(Stored dataset items)
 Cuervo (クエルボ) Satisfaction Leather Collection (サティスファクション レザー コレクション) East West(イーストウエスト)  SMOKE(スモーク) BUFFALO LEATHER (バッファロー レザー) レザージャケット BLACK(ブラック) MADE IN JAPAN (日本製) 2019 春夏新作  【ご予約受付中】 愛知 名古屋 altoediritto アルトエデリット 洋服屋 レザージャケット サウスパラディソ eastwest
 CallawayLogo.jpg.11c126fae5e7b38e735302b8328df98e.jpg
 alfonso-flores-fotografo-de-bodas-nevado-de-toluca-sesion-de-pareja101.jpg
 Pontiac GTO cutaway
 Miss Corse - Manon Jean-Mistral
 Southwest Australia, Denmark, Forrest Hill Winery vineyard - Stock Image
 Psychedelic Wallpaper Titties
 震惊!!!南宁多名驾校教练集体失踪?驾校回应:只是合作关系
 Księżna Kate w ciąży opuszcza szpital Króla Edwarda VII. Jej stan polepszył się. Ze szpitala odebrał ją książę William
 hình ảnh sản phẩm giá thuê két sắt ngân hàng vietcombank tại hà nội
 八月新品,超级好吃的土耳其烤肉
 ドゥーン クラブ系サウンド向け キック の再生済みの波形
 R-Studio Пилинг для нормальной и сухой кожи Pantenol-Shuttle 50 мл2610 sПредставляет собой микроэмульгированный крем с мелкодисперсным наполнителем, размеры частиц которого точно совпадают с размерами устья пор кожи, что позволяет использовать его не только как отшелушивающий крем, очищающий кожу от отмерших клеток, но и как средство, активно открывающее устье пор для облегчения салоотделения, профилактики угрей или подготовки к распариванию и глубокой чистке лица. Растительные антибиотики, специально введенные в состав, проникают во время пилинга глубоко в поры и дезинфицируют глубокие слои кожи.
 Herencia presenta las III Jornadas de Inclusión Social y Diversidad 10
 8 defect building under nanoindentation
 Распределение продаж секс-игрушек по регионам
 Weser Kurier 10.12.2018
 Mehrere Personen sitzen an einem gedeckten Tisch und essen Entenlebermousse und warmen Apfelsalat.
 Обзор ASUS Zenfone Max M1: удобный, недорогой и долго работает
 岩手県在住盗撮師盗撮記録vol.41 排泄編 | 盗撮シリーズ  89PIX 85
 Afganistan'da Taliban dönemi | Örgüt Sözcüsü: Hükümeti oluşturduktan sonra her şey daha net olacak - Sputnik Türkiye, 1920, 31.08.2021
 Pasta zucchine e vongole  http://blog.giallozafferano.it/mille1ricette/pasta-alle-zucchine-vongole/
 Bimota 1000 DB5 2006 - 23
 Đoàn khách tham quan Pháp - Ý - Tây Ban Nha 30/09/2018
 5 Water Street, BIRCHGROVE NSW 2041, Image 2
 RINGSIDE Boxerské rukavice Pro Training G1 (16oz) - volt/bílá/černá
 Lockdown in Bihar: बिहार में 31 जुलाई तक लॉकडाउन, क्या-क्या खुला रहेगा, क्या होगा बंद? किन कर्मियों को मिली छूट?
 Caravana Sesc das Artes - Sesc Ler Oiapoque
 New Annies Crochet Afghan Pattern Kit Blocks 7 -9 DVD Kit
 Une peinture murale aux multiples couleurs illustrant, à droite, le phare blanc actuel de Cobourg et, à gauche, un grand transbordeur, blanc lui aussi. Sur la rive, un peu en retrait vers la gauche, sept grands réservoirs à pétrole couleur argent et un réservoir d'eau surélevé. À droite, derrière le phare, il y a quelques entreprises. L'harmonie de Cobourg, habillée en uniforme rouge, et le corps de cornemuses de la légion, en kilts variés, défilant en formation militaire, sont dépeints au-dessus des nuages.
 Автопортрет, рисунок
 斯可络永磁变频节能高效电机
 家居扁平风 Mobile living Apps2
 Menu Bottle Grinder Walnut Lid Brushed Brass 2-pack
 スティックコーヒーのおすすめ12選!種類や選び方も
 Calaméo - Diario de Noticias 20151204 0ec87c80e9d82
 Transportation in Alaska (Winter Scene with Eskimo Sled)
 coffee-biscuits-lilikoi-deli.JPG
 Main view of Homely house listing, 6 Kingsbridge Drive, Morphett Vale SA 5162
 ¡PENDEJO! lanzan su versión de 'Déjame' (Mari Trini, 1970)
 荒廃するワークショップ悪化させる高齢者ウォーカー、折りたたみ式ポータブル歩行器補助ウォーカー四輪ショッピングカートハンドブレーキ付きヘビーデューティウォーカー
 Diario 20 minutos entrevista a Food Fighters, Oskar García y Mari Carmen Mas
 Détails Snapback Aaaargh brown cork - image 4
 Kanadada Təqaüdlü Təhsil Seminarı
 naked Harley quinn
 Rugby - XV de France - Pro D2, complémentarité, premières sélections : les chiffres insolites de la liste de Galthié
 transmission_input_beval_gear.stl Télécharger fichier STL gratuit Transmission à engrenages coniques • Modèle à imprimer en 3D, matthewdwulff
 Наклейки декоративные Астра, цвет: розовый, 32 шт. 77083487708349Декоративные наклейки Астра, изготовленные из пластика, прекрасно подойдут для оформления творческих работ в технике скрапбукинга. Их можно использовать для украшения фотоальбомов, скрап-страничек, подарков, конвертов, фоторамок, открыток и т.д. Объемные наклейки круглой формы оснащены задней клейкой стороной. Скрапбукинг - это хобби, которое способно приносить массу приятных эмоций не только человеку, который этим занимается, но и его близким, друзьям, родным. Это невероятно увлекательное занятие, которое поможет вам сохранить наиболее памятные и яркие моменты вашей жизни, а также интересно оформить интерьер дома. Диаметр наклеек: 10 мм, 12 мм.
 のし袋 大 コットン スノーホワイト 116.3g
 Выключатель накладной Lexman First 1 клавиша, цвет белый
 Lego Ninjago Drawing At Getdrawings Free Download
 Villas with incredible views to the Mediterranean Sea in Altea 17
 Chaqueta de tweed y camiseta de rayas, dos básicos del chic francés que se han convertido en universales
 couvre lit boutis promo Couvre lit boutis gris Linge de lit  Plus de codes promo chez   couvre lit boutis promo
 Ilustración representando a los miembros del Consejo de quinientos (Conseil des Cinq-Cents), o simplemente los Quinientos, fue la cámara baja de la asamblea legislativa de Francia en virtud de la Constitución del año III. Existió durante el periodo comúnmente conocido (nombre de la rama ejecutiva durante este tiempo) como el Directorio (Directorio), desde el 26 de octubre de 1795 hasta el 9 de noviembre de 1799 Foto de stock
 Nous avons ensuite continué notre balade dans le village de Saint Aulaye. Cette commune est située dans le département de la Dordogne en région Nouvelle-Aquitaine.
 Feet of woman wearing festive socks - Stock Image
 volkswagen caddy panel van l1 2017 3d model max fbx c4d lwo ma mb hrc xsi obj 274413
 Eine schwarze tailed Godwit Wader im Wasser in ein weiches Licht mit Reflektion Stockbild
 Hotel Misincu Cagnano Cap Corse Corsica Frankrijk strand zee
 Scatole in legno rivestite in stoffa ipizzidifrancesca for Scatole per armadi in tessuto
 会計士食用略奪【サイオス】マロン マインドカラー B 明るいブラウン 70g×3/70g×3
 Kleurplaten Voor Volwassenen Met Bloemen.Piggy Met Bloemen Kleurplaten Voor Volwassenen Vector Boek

▶ YOUR ASSIGNMENT: Out of the data above, give again only the lines starting at the one holding "R-Studio Пилинг для" and ending at the one holding "New Annies Crochet", unchanged.

▶ EXERCISE ANSWER:
 R-Studio Пилинг для нормальной и сухой кожи Pantenol-Shuttle 50 мл2610 sПредставляет собой микроэмульгированный крем с мелкодисперсным наполнителем, размеры частиц которого точно совпадают с размерами устья пор кожи, что позволяет использовать его не только как отшелушивающий крем, очищающий кожу от отмерших клеток, но и как средство, активно открывающее устье пор для облегчения салоотделения, профилактики угрей или подготовки к распариванию и глубокой чистке лица. Растительные антибиотики, специально введенные в состав, проникают во время пилинга глубоко в поры и дезинфицируют глубокие слои кожи.
 Herencia presenta las III Jornadas de Inclusión Social y Diversidad 10
 8 defect building under nanoindentation
 Распределение продаж секс-игрушек по регионам
 Weser Kurier 10.12.2018
 Mehrere Personen sitzen an einem gedeckten Tisch und essen Entenlebermousse und warmen Apfelsalat.
 Обзор ASUS Zenfone Max M1: удобный, недорогой и долго работает
 岩手県在住盗撮師盗撮記録vol.41 排泄編 | 盗撮シリーズ  89PIX 85
 Afganistan'da Taliban dönemi | Örgüt Sözcüsü: Hükümeti oluşturduktan sonra her şey daha net olacak - Sputnik Türkiye, 1920, 31.08.2021
 Pasta zucchine e vongole  http://blog.giallozafferano.it/mille1ricette/pasta-alle-zucchine-vongole/
 Bimota 1000 DB5 2006 - 23
 Đoàn khách tham quan Pháp - Ý - Tây Ban Nha 30/09/2018
 5 Water Street, BIRCHGROVE NSW 2041, Image 2
 RINGSIDE Boxerské rukavice Pro Training G1 (16oz) - volt/bílá/černá
 Lockdown in Bihar: बिहार में 31 जुलाई तक लॉकडाउन, क्या-क्या खुला रहेगा, क्या होगा बंद? किन कर्मियों को मिली छूट?
 Caravana Sesc das Artes - Sesc Ler Oiapoque
 New Annies Crochet Afghan Pattern Kit Blocks 7 -9 DVD Kit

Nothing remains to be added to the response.